Gli autori hanno quindi scelto la
strada giusta adottando uno stile documentaristico e ispirandosi alle atmosfere
“Stalker”, prediligendo colori freddi e lunghe azioni senza dialogo, pur
mantenendo un ritmo narrativo comprensibile a un pubblico occidentale. Questo
equilibrio nella rappresentazione di una vicenda sovietica da parte di
sceneggiatori, registi e attori occidentali non è scontato, perché se da una
parte era necessario soddisfare il pubblico di HBO, altrettanto attraente era
la prospettiva di superare il dato narrativo e storico, cosa che in parte
avviene, soprattutto nella ricostruzione dei primi minuti successivi
all'esplosione, nelle carrellate sui paesaggi che conservano un'apparente, disturbante normalità. Solo
talvolta, impercettibilmente quasi, l'equilibrio si spezza, qualcosa non torna
in una situazione o in un tempo, un'inquadratura. Sono momenti, particolari, in
generale tutto tiene alla perfezione, grazie a un lavoro di regia, scrittura,
fotografia e montaggio fenomenali e alla bravura degli attori, tra cui i tre
protagonisti Jared Harris (Legasov), Stellan Skarsgard (Shcherbina) che tra
l'altro si candida come possibile interprete di
Boris Ieltsin in un futuro film, e la magnifica Emily Watson (Khomyuk).
I punti deboli della serie
vengono a galla nell'ultimo episodio, in cui si ricostruisce il processo che
consegnò tre colpevoli (pur colpevoli) alla storia assolvendo tuttavia lo Stato
Sovietico. Nella puntata che vuole essere la vera chiave di lettura
dell'accaduto, l'azione avrebbe potuto essere dilatata dando una lettura
soggettiva e globale (filosofica?) alla vicenda e alle sue conseguenze, ma viene compressa e si resta davvero un po'
delusi da una conclusione tutto sommato frettolosa. Gli eventi della notte del
26 aprile 1986, prima di quel momento solo frammenti quasi sconnessi, vengono
ordinati e -come in un telefilm poliziesco- finalmente collegati tra loro.

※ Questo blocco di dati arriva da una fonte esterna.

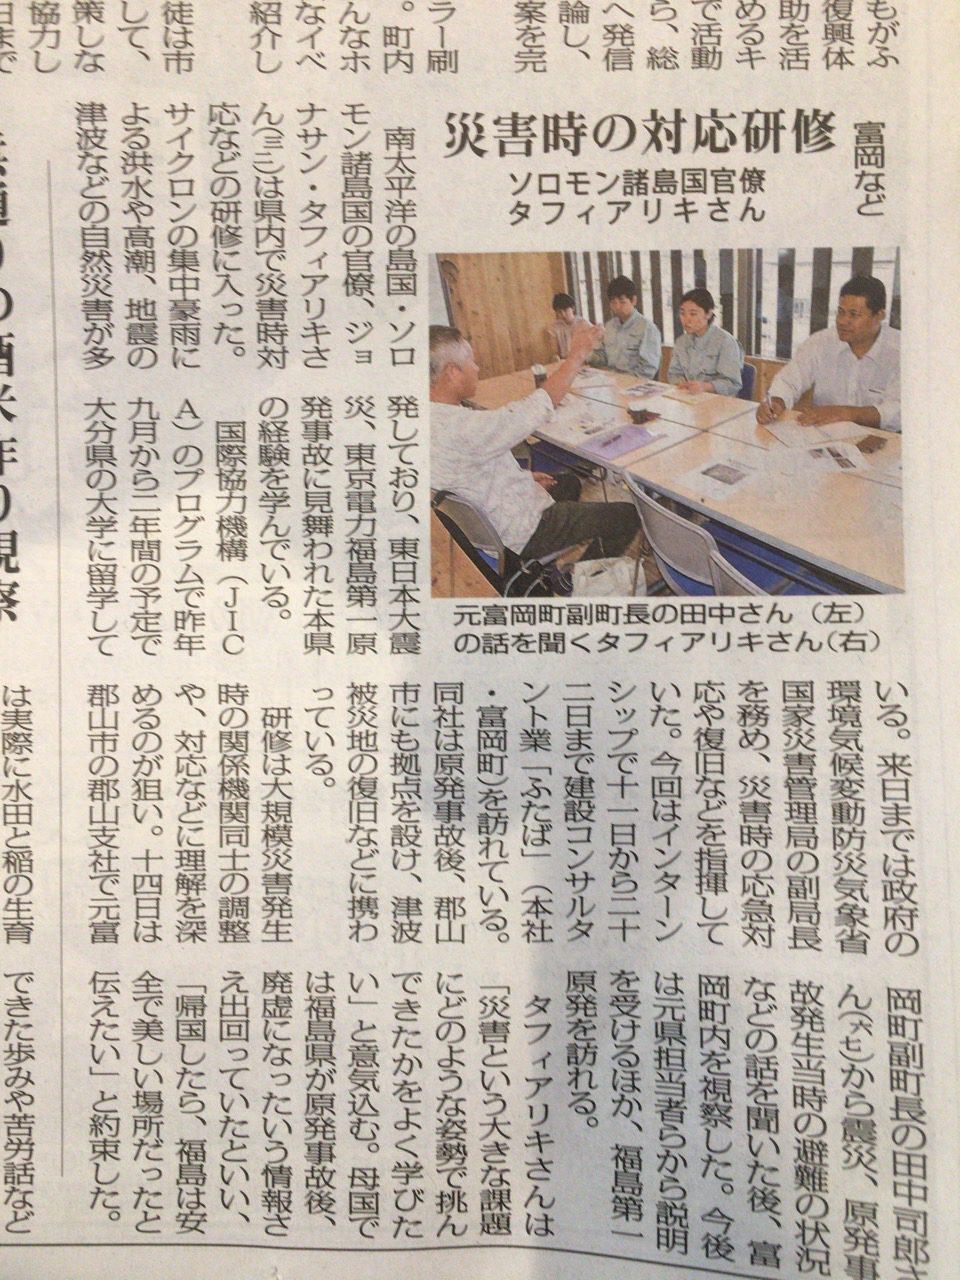 ソロモンからのインターンシップ生について福島民報（9月15日）で掲載の画像

Cosa
e perché è successo, chi siano i responsabili: il racconto di Legasov è una
sequenza costruita con un montaggio magnifico e la sua esposizione dei fatti ai
giudici un brillante esempio di come si possa rendere comprensibile un
argomento complicato all'interno di una narrazione. Ma quando Legasov arriva a
denunciare le mancanze del governo
Sovietico, forse il pragmatismo prende il sopravvento. Sarebbe stato quello, a
mio parere, il momento per osare e far partecipare completamente lo spettatore
al dramma di Legasov, consapevole delle conseguenze della sua denuncia
pubblica. Si è scelta invece una
conclusione abbastanza rapida, lasciando il discorso sulla Verità di Legasov
come un aforisma quasi retorico (e non lo era).
Nella conclusione, quasi a
completamento di questo finale, vengono raccontate con foto e didascalie le
sorti dei protagonisti e scopriamo che Ulana Khomyuk è in realtà un personaggio
creato per rappresentare tutti gli scienziati che lavorarono con Legasov e
cercarono la verità sull'esplosione del reattore di Chernobyl. Saperlo a
posteriori è un'ulteriore delusione, perché se fosse stato esplicitato, il
personaggio avrebbe potuto assumere a pieno titolo la funzione di Coro Greco.
“Chernobyl” è comunque un
capolavoro e un successo per chi l'ha creata , riuscendo a imporre temi,
personaggi e ritmi decisamente non consueti nella televisione contemporanea,
con una produzione capace davvero di suscitare forti sentimenti nel pubblico.